BEGIN Input data
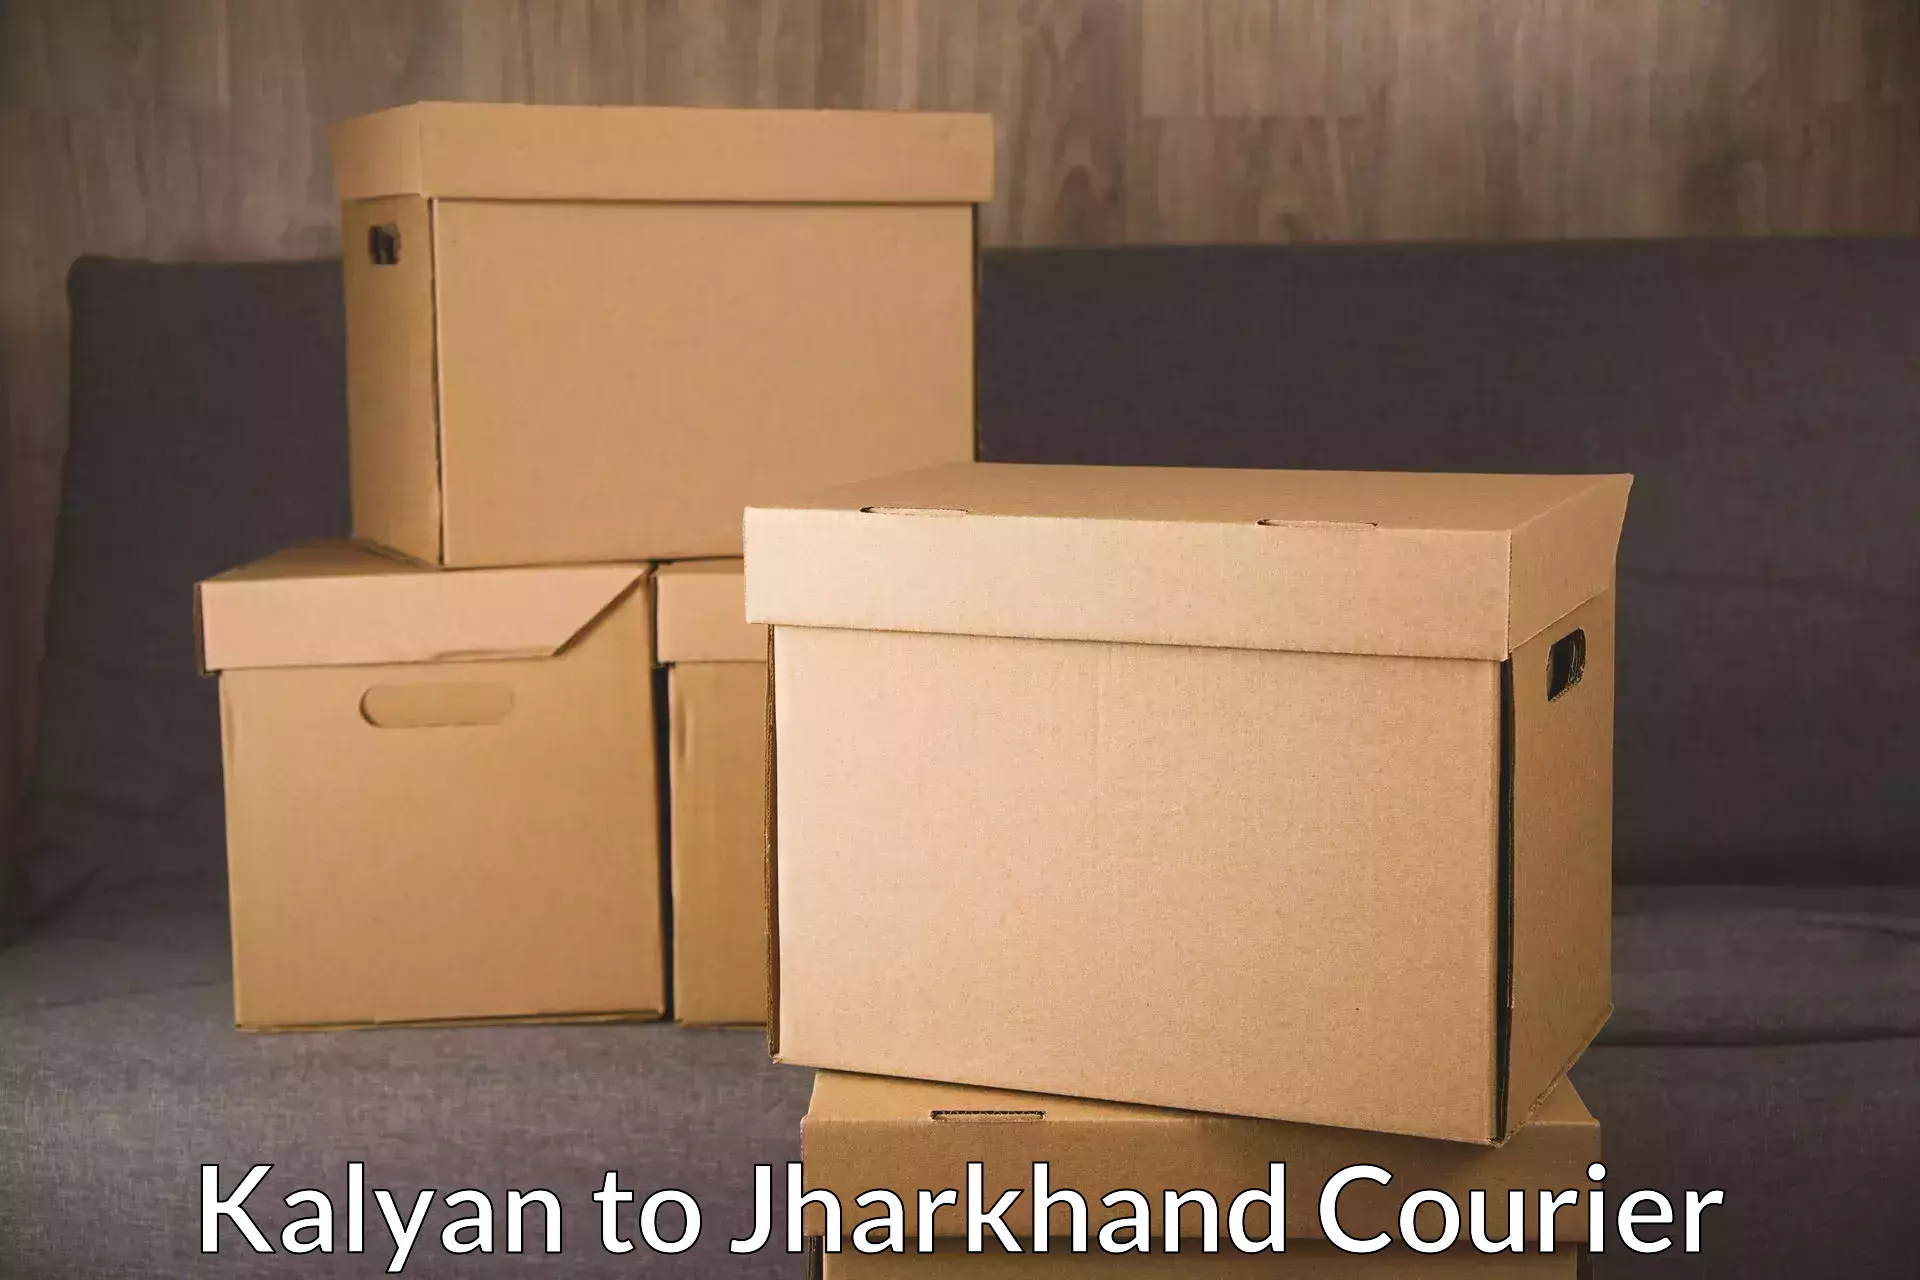 Specialized courier services Kalyan to Lohardaga
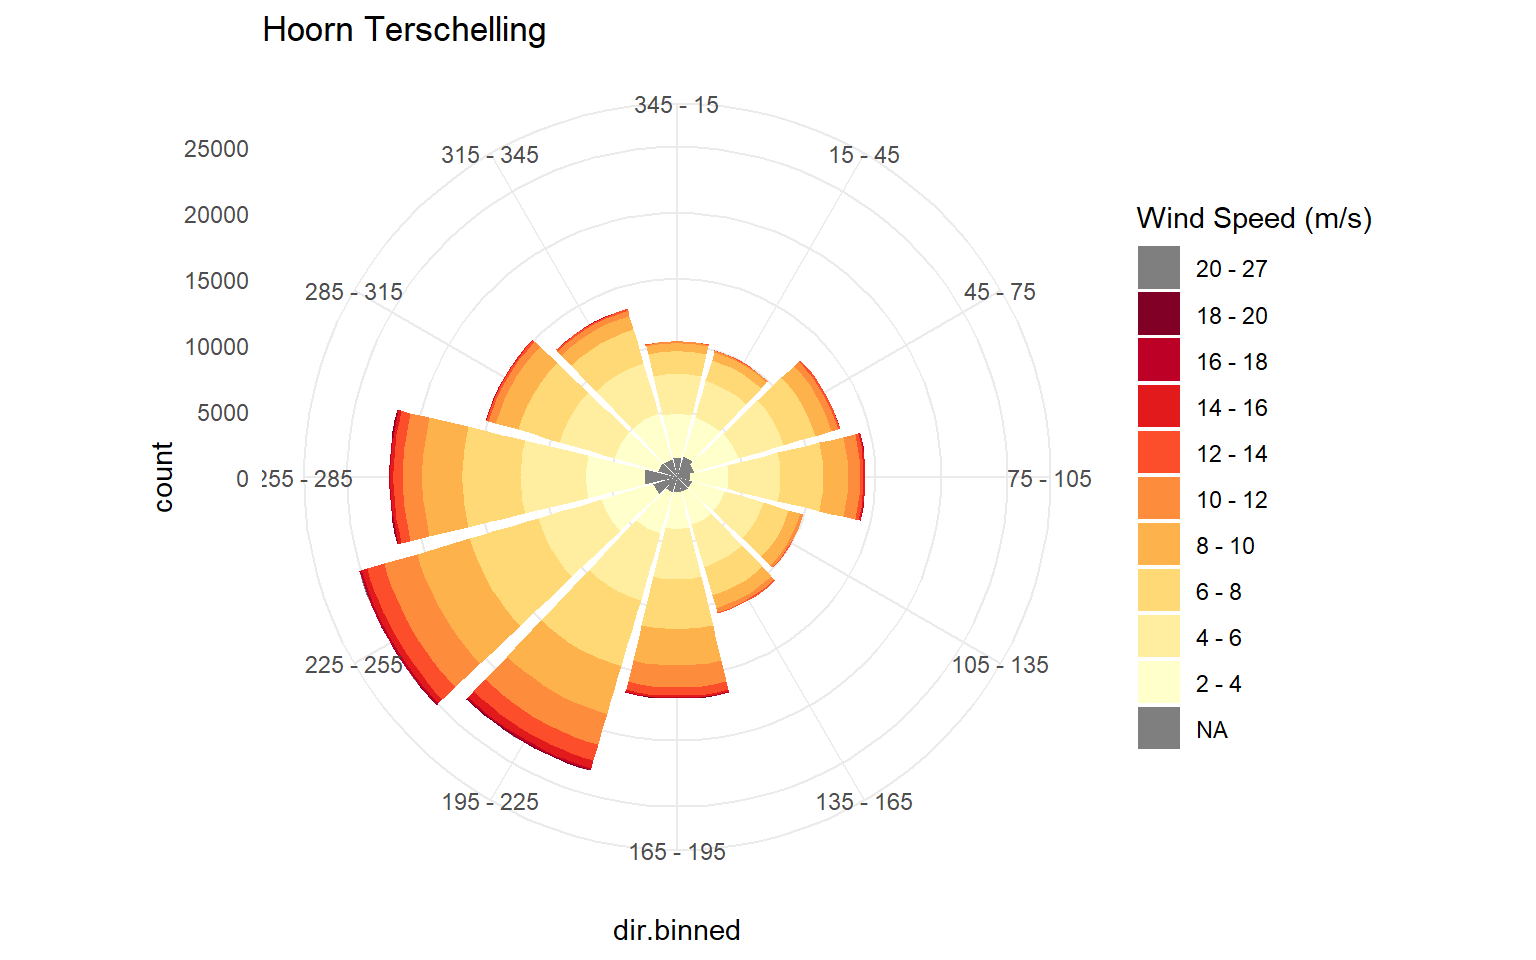 Windroos over de periode 1990 - 2018. Kleuren geven klassen van windsnelheid aan, de lengte van de spaken de windsterktefrequentie/voorkomen per windrichting.
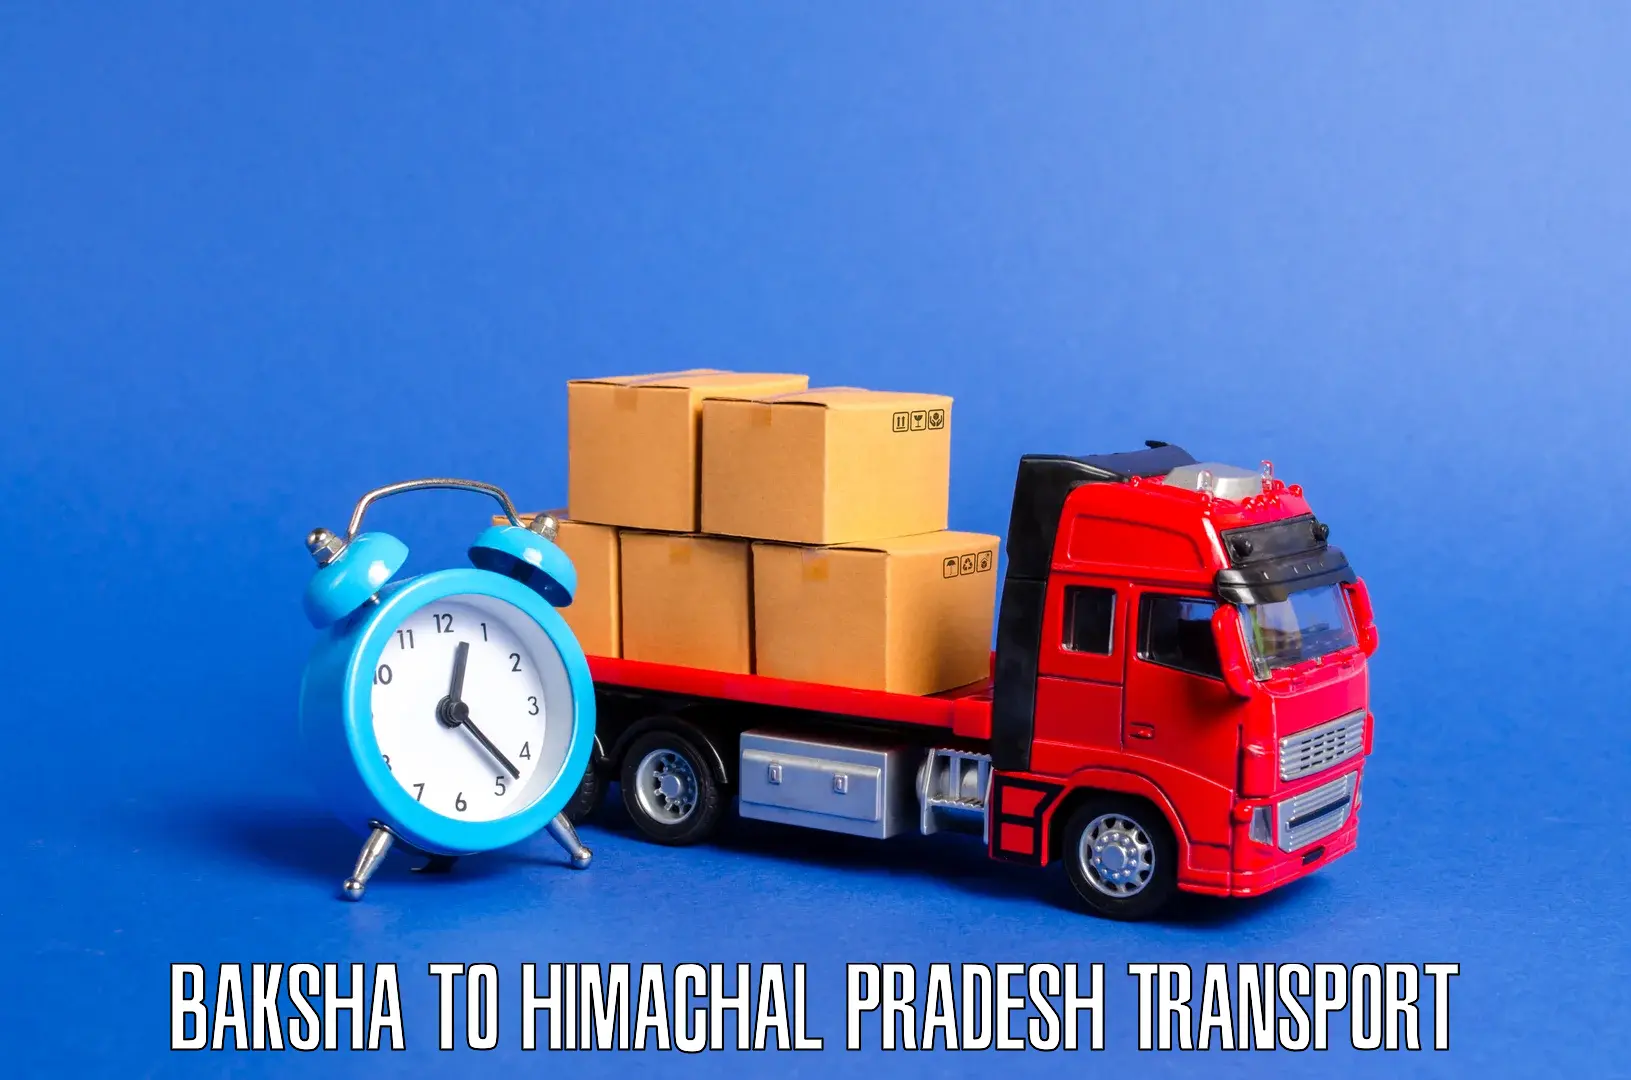 Land transport services in Baksha to Himachal Pradesh
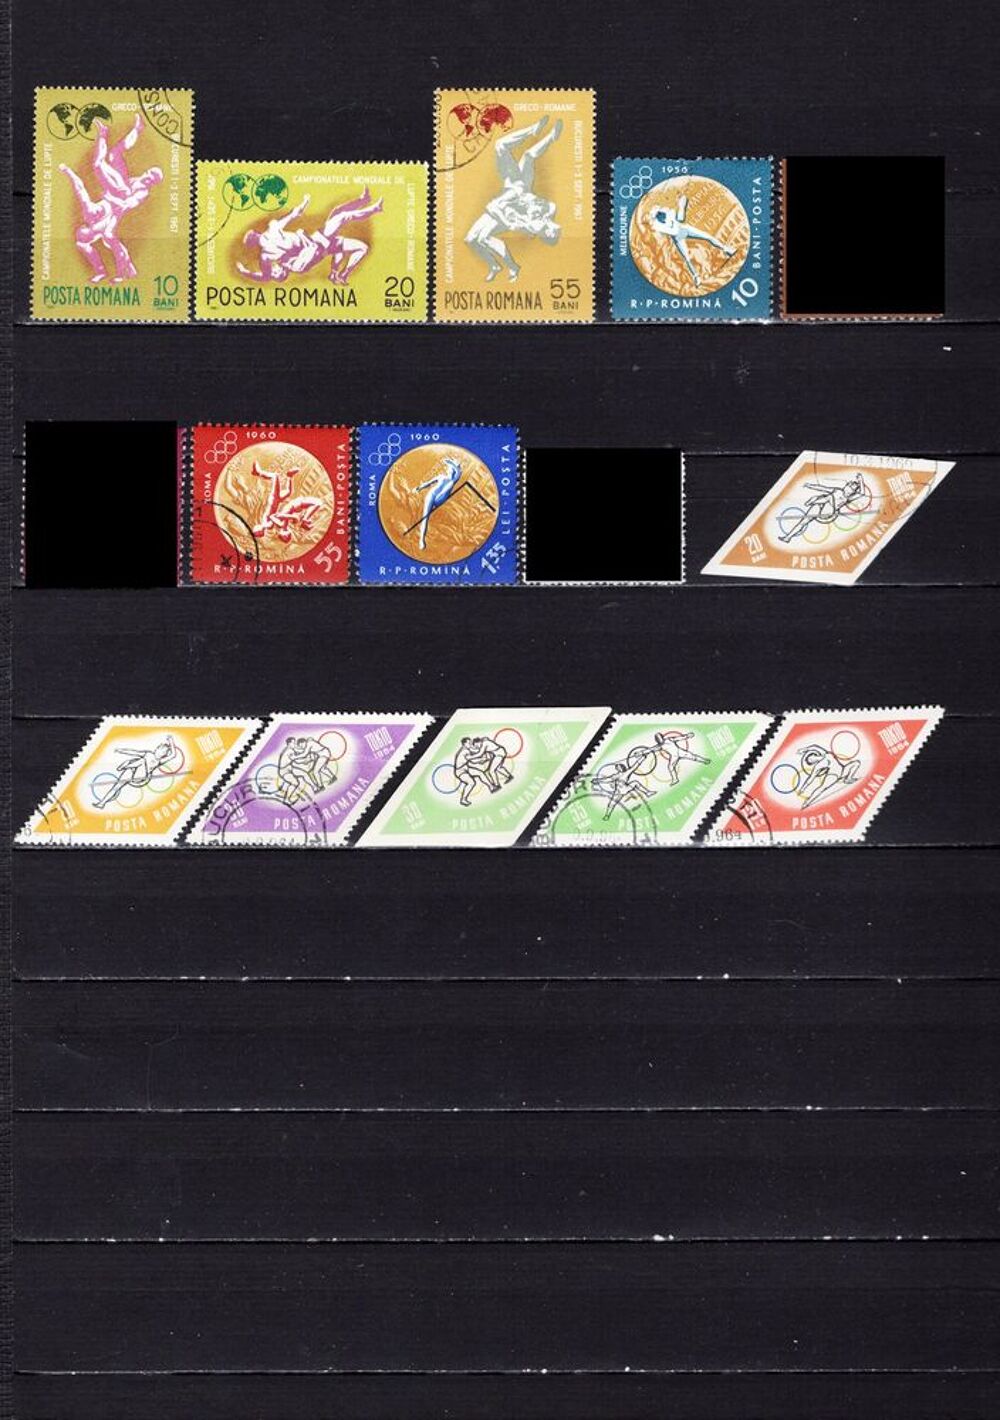 lot de 52 timbres de ROUMANIE sur les SPORTS
END Input data
What you should do: Find the line containing "Windroos over de" in the listing above. Please restate word for word that line through the last one, leaving out the pictures.

Result of the task:
 Windroos over de periode 1990 - 2018. Kleuren geven klassen van windsnelheid aan, de lengte van de spaken de windsterktefrequentie/voorkomen per windrichting.
 Land transport services in Baksha to Himachal Pradesh
 lot de 52 timbres de ROUMANIE sur les SPORTS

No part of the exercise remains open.